What number of you Android OS customers have gotten a phone and you feel the loss of your 'real' key pad with buttons? My hand is up in the air along with the rest of you. I have huge fingertips and I'm one of those particular folks that's a touch-typer through feel, that means I don't look at the display.
Do you realize precisely how very difficult it can be to type on a flat display when you cannot sense anything??
Thank Goodness for Swype! It still doesn't produce that tactile feel that I got from my older Blackberry, nevertheless it does in fact give me the chance to type like absolutely nothing I've ever used before! For many of you, Swype should come pre-installed with your unit. (I used to have it in my own HTC HD2, which was a WinMo cell.
) For people who are like me and could not get that fortunate, you will have to go through a procedure to get it. Thankfully, the corporation behind Swype (Swype Inc.) makes this straight forward.
At the moment of this writing, they are in open beta, meaning any one can easily enroll and get Swype for their own cell phones.
Simply check out SwypeInc.com and click on the link in the lower-left-hand corner of the screen where it mentions the open beta.
You'll have to have an email address to register (which you may surely have if you have an Android!), after which just simply follow the walk-through.
Swype is such a surprisingly simple medium to work with to get thoughts straight into your phone.
It requires a little getting used to at first (just like T9), but once you do, you'll never go back.
Swype was actually created by exactly the same guy that designed T9 text message entry, which in turn tells me you have an item designed by a person who understands just what he is doing.

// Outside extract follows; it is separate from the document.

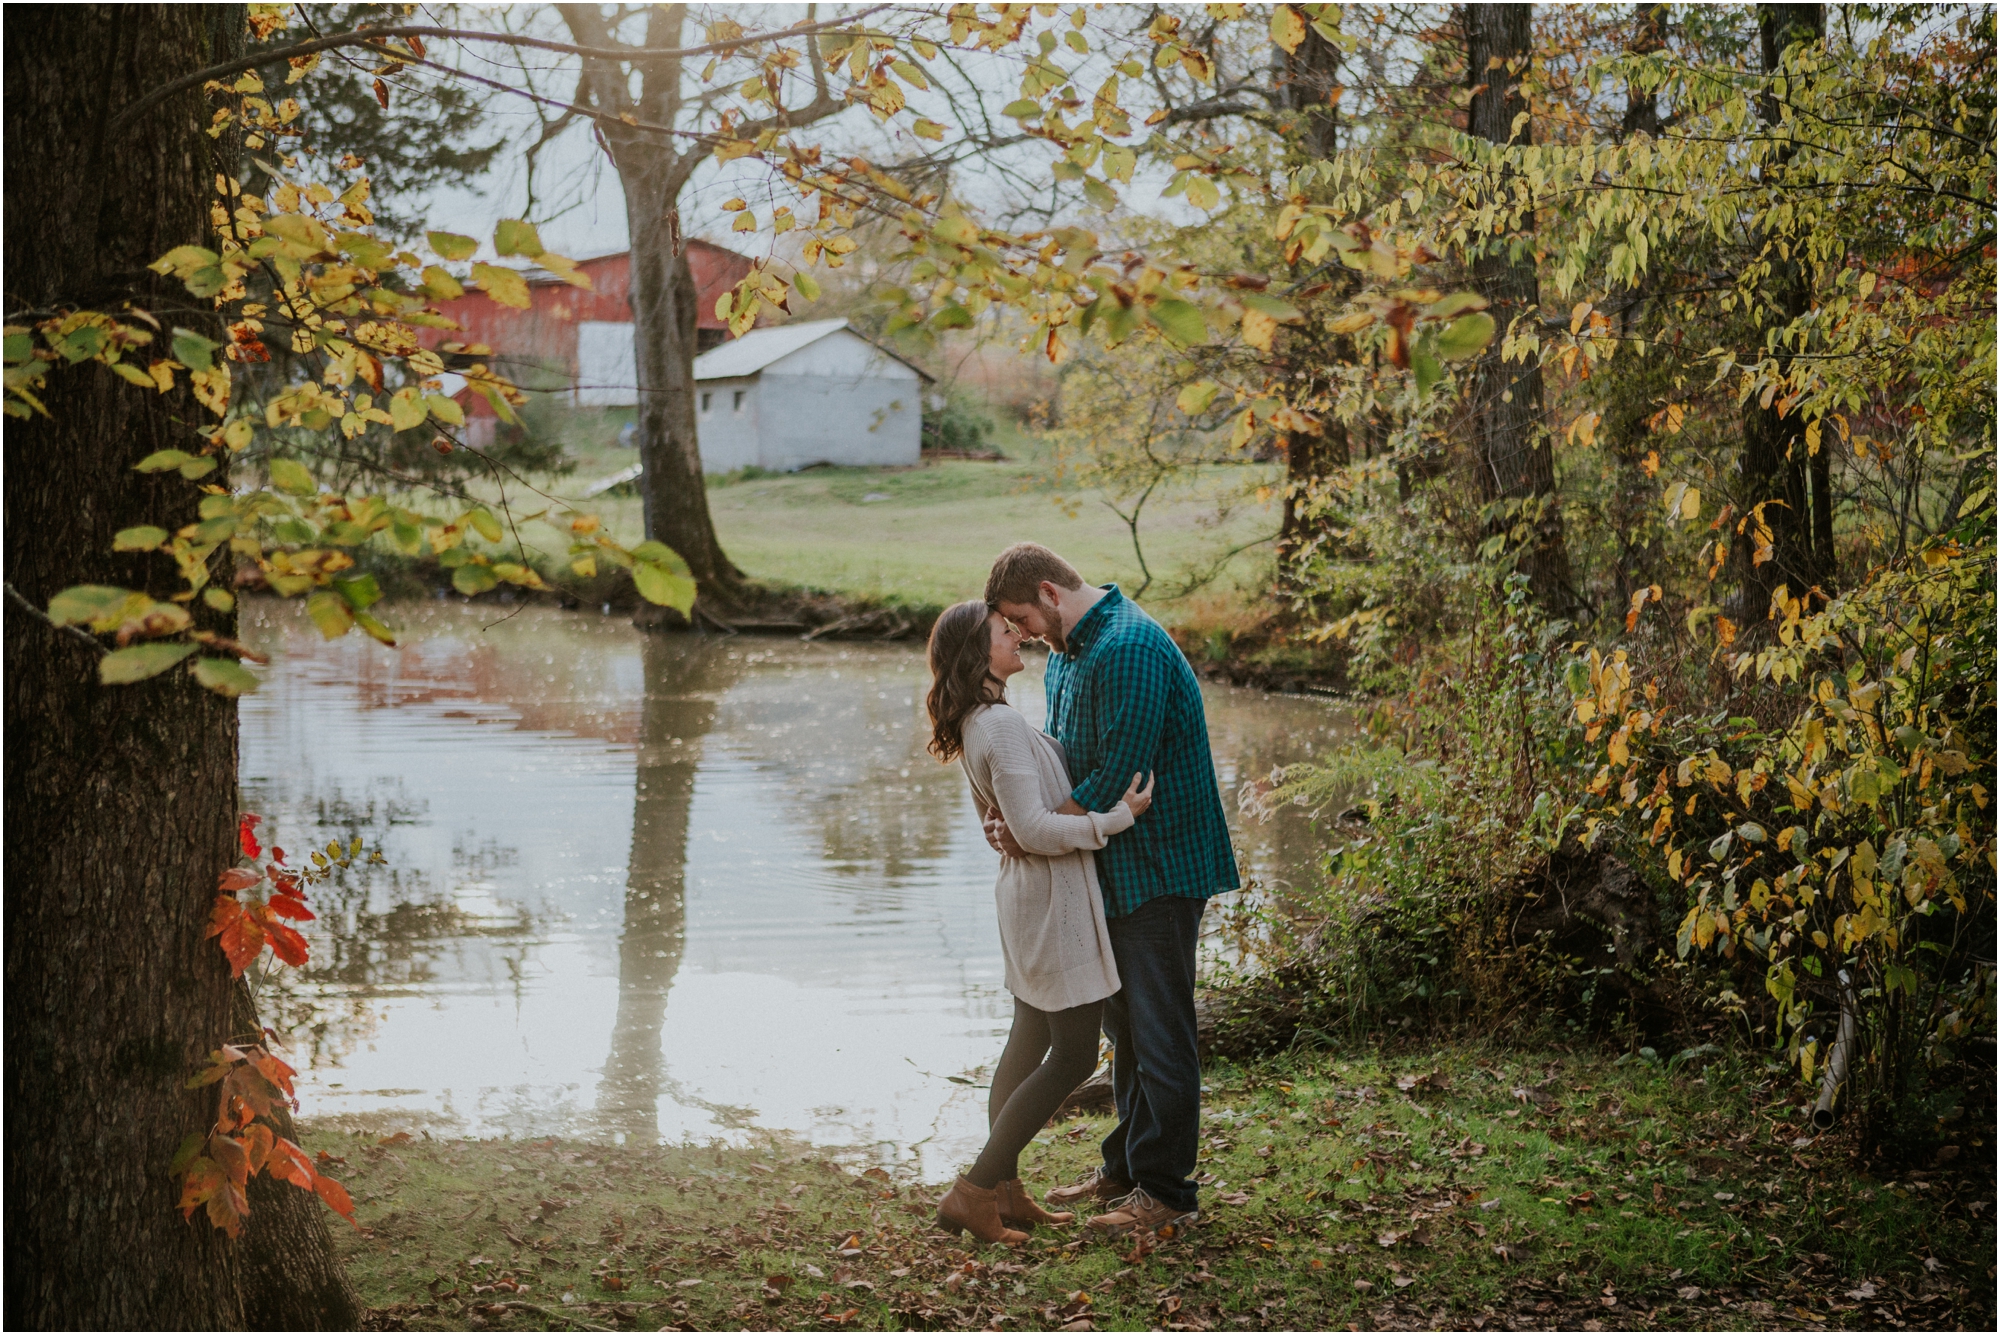 katy-sergent-millstone-limestone-tn-rustic-fall-engagement-session-adventurous-outdoors-intimate-elopement-wedding-northeast-johnson-city-photographer_0009.jpg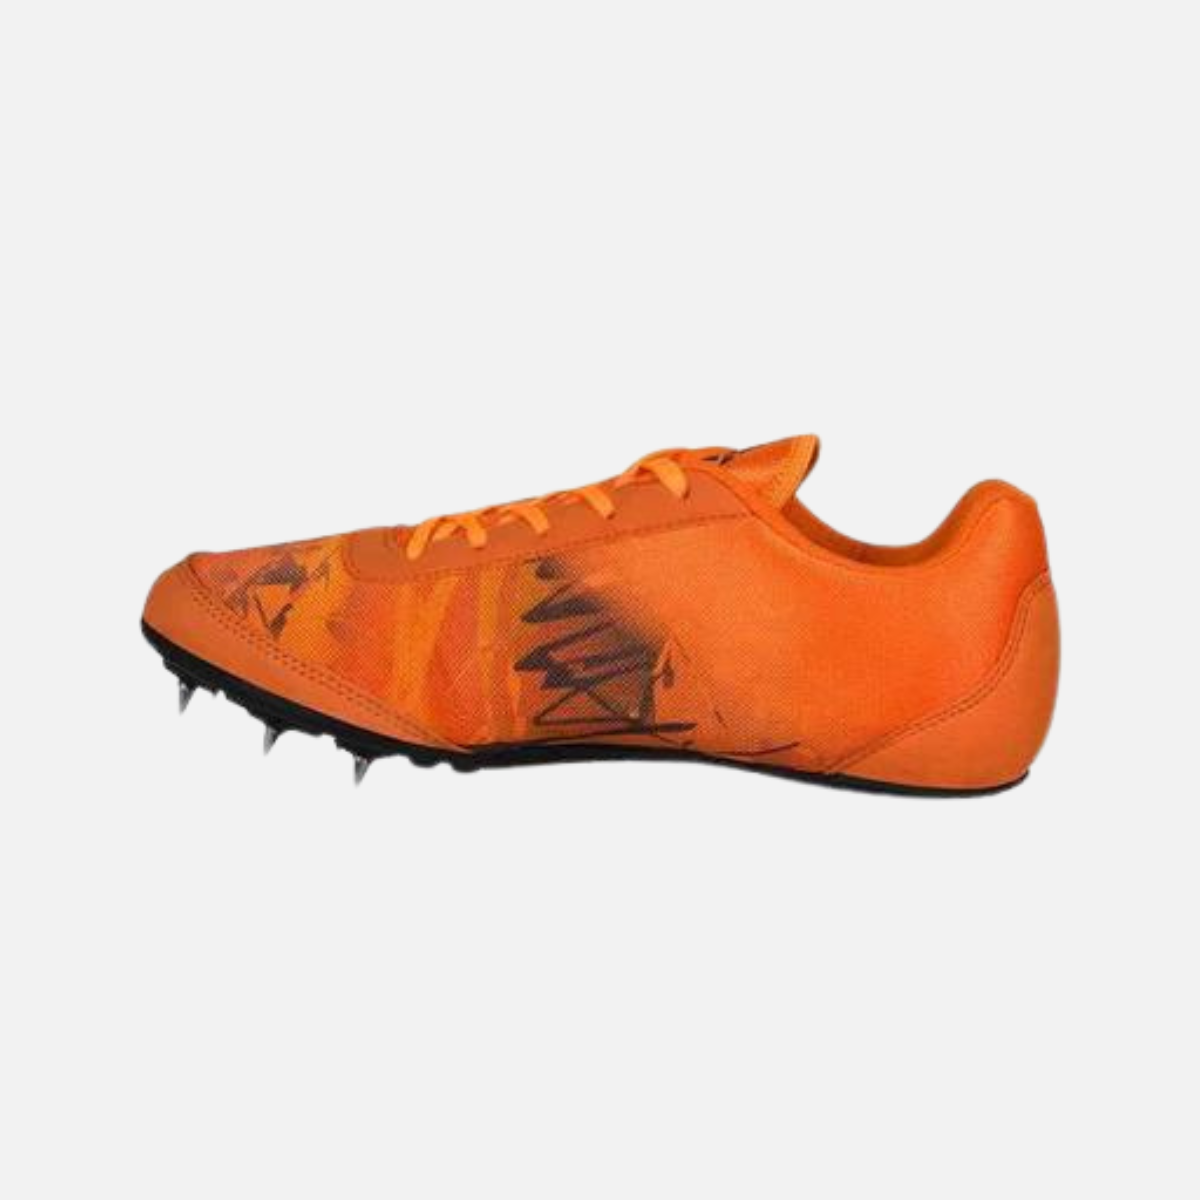 NIVIA Zion-1 Spikes Running Athletic Men's Shoes -Orange

When you have Swype downloaded, installed, and activated in your Google android, take a few minutes and go through the short training it comes with in order that you get the many tricks and tips. Once you set about using it, it's going to be just like "*BAM* why didn't I do this before?!?!" When you type, your finger never lifts from the screen. You needn't be exact, either, providing you get in the overall area of the letter you are looking for, Swype recognizes what you meant.
It even lets you input words and phrases letter-by-letter so that you can add words for the Swype dictionary.